Bugün, elindeki bütün fırsatı kaçıran, değerlendiremeyen ve tek aday etrafında birlik oluşturamayan yeşiller, sosyal demokratlar, sosyalistler, komünistler ve aşırı sol bir bütün olarak Fransa’yı aşırı sağın eline bırakmamanın tarihi sorumluluğuyla karşı karşıya. Yenilgi sonrası bu tehlike gidişe dur demek de solun en önemli görevleri arasında.

İlk turda sol oyların yüzde 30’unu aldı. Sol adaylar hata yapmadığını söylese de yüzde 20,8 oyla üçüncü sırada yer alan Boyun Eğmeyenler’in lideri Jean-Luc Mélenchon’u desteklememekle büyük yanlış yaptılar. Solun yüzleşmesi ve yeni arayışlar içine girmesi gerek. Sol eleştiri yapıp, yeniden yapılanarak iki ay sonraki genel seçimlere iyi hazırlanmalı. Komünist Partisi’nin adayı ve Genel Sekreteri Fabien Roussel, Yeşiller Partisi’nin adayı Yannick Jadot ve Sosyalist Parti’nin adayı Anne Hidalgo’ya aşırı sağı yenmek için halkı oy kullanmaya davet etti. Mélenchon de Le Pen’e ikinci turda oy verilmemesi konusunda benzer çağrıda bulundu.
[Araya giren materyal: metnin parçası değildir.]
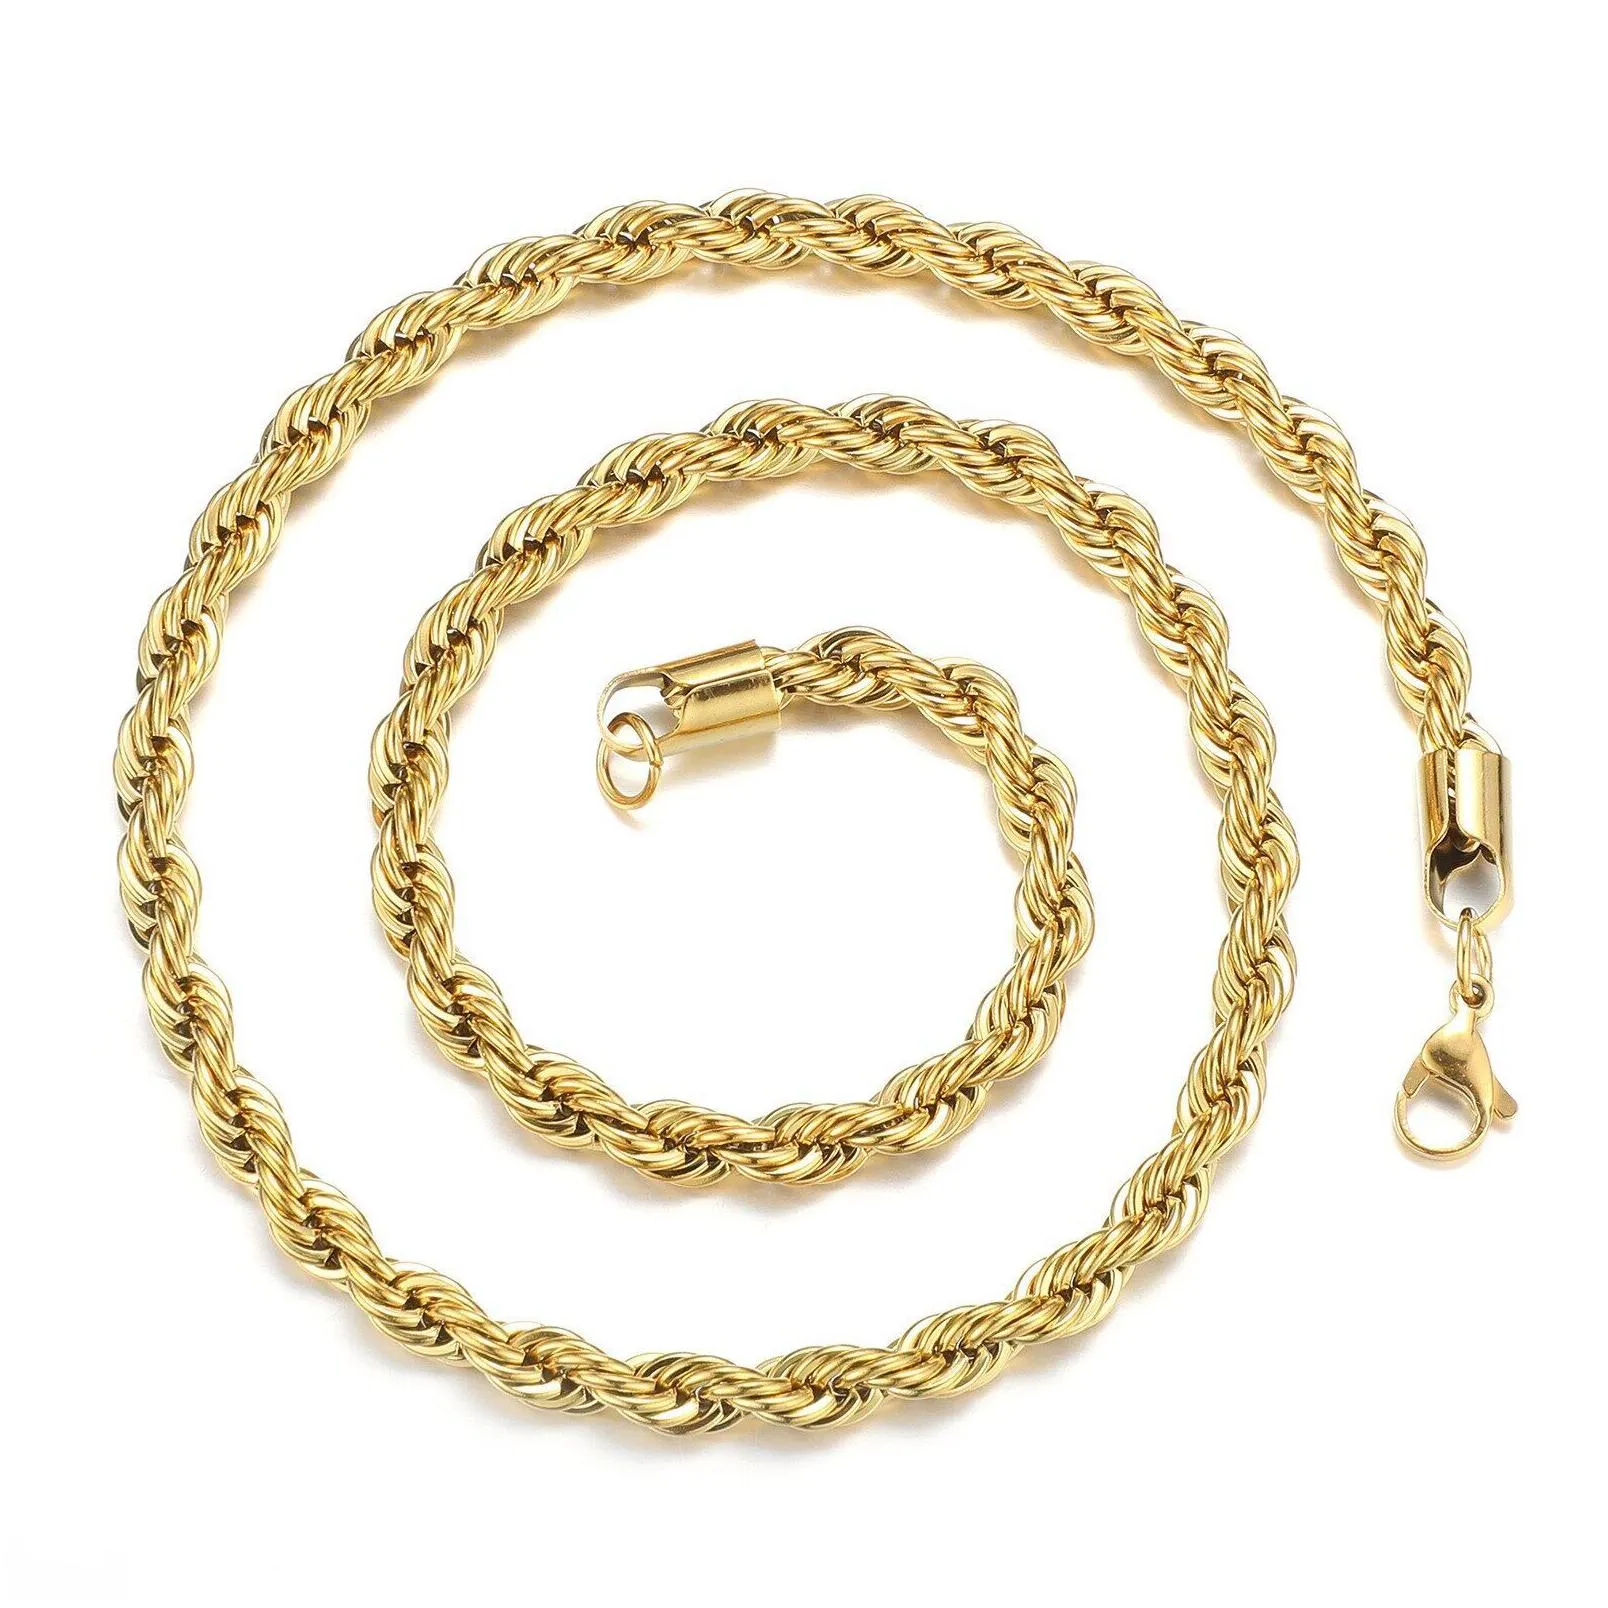 Chains 2-6Mm Twisted Singapore Gold Chain Necklace Stainless Steel Never Fade Waterproof Choker Men Women Fashion Jewelry Jewelry Neck Dhwec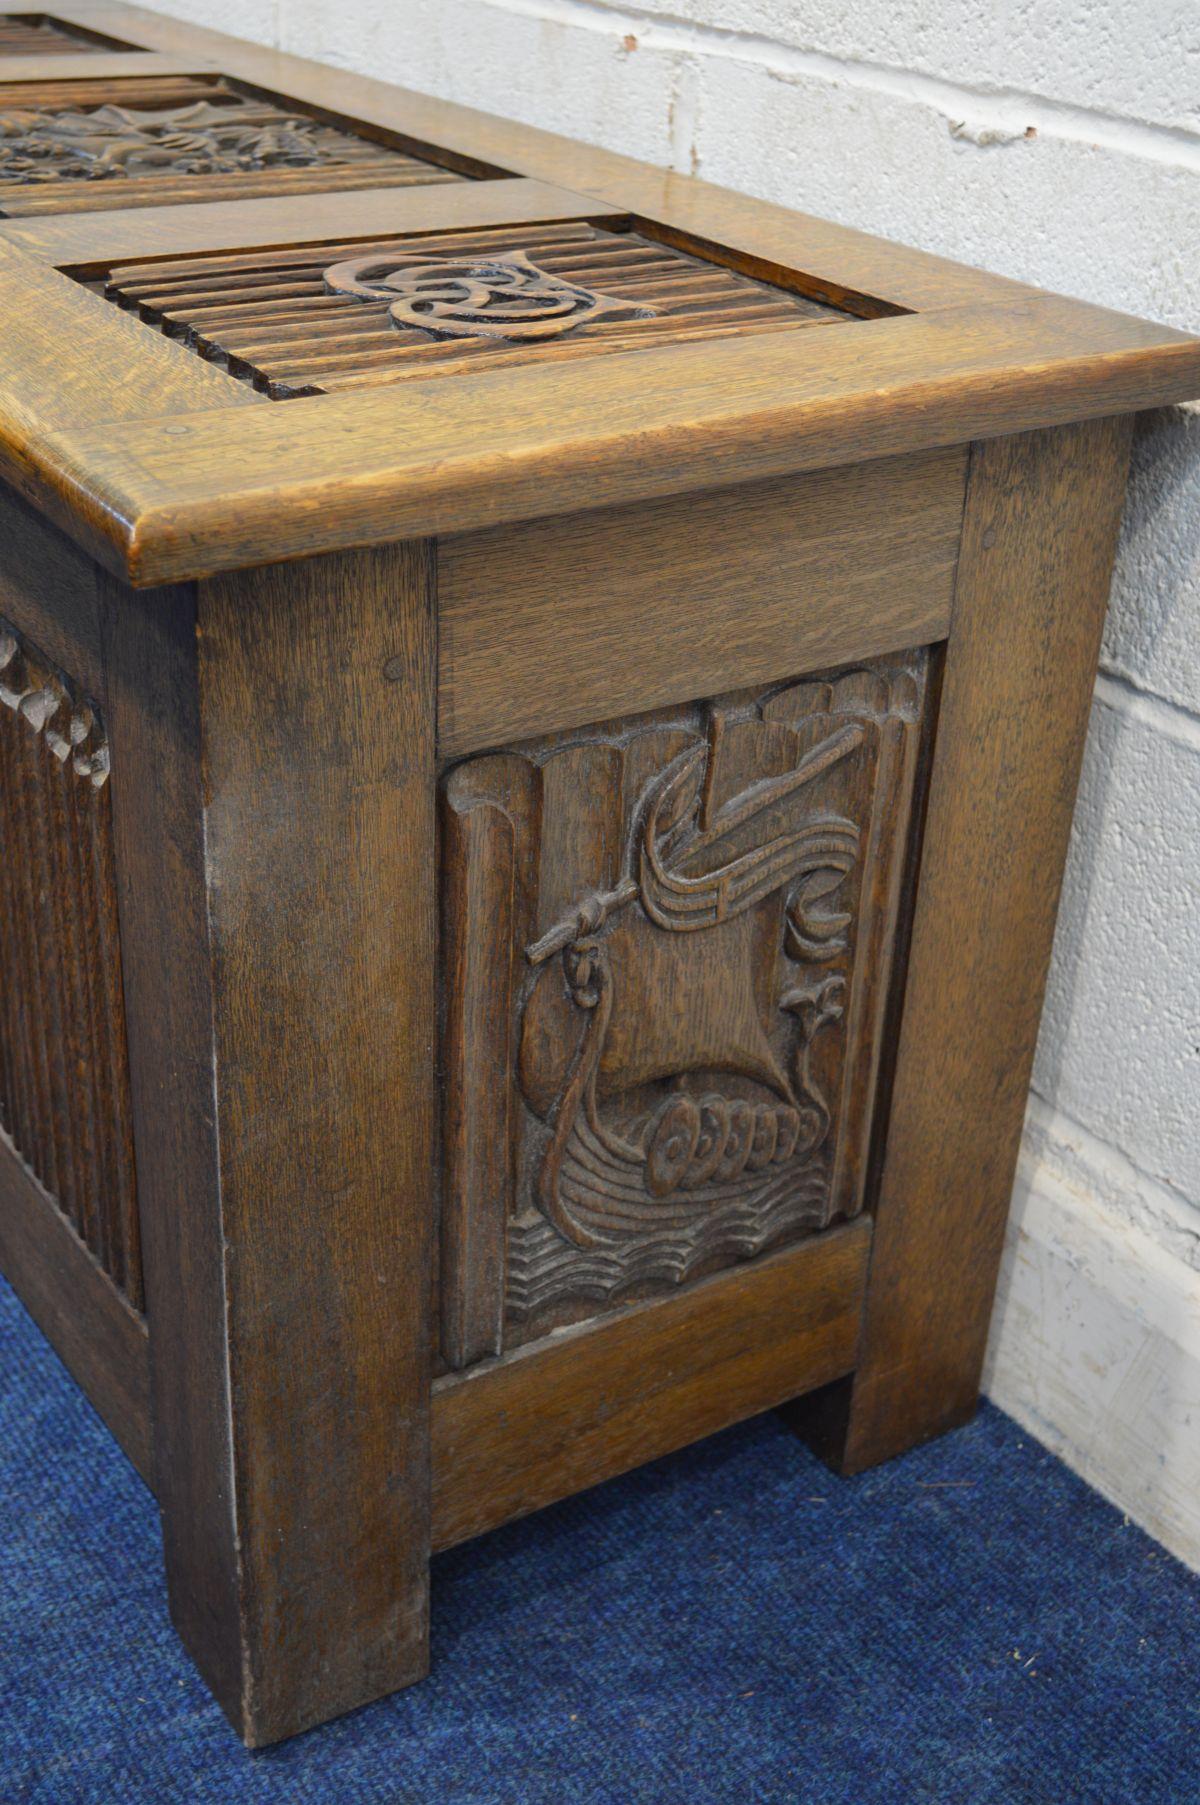 Hand-Carved Arts & Crafts Oak Blanket Chest Carved with King Neptune King Fish of the Sea

Sol partiler, Le Pen’in zaferini önlemenin arayışı içinde. Roussel’in “Le Pen’in iktidarı almasına asla izin verilmemeli. Tüm Fransızları ikinci turda onu yenmek için elimizdeki tek oy pusulasını kullanmaya çağırıyorum” sözleri dikkate değer.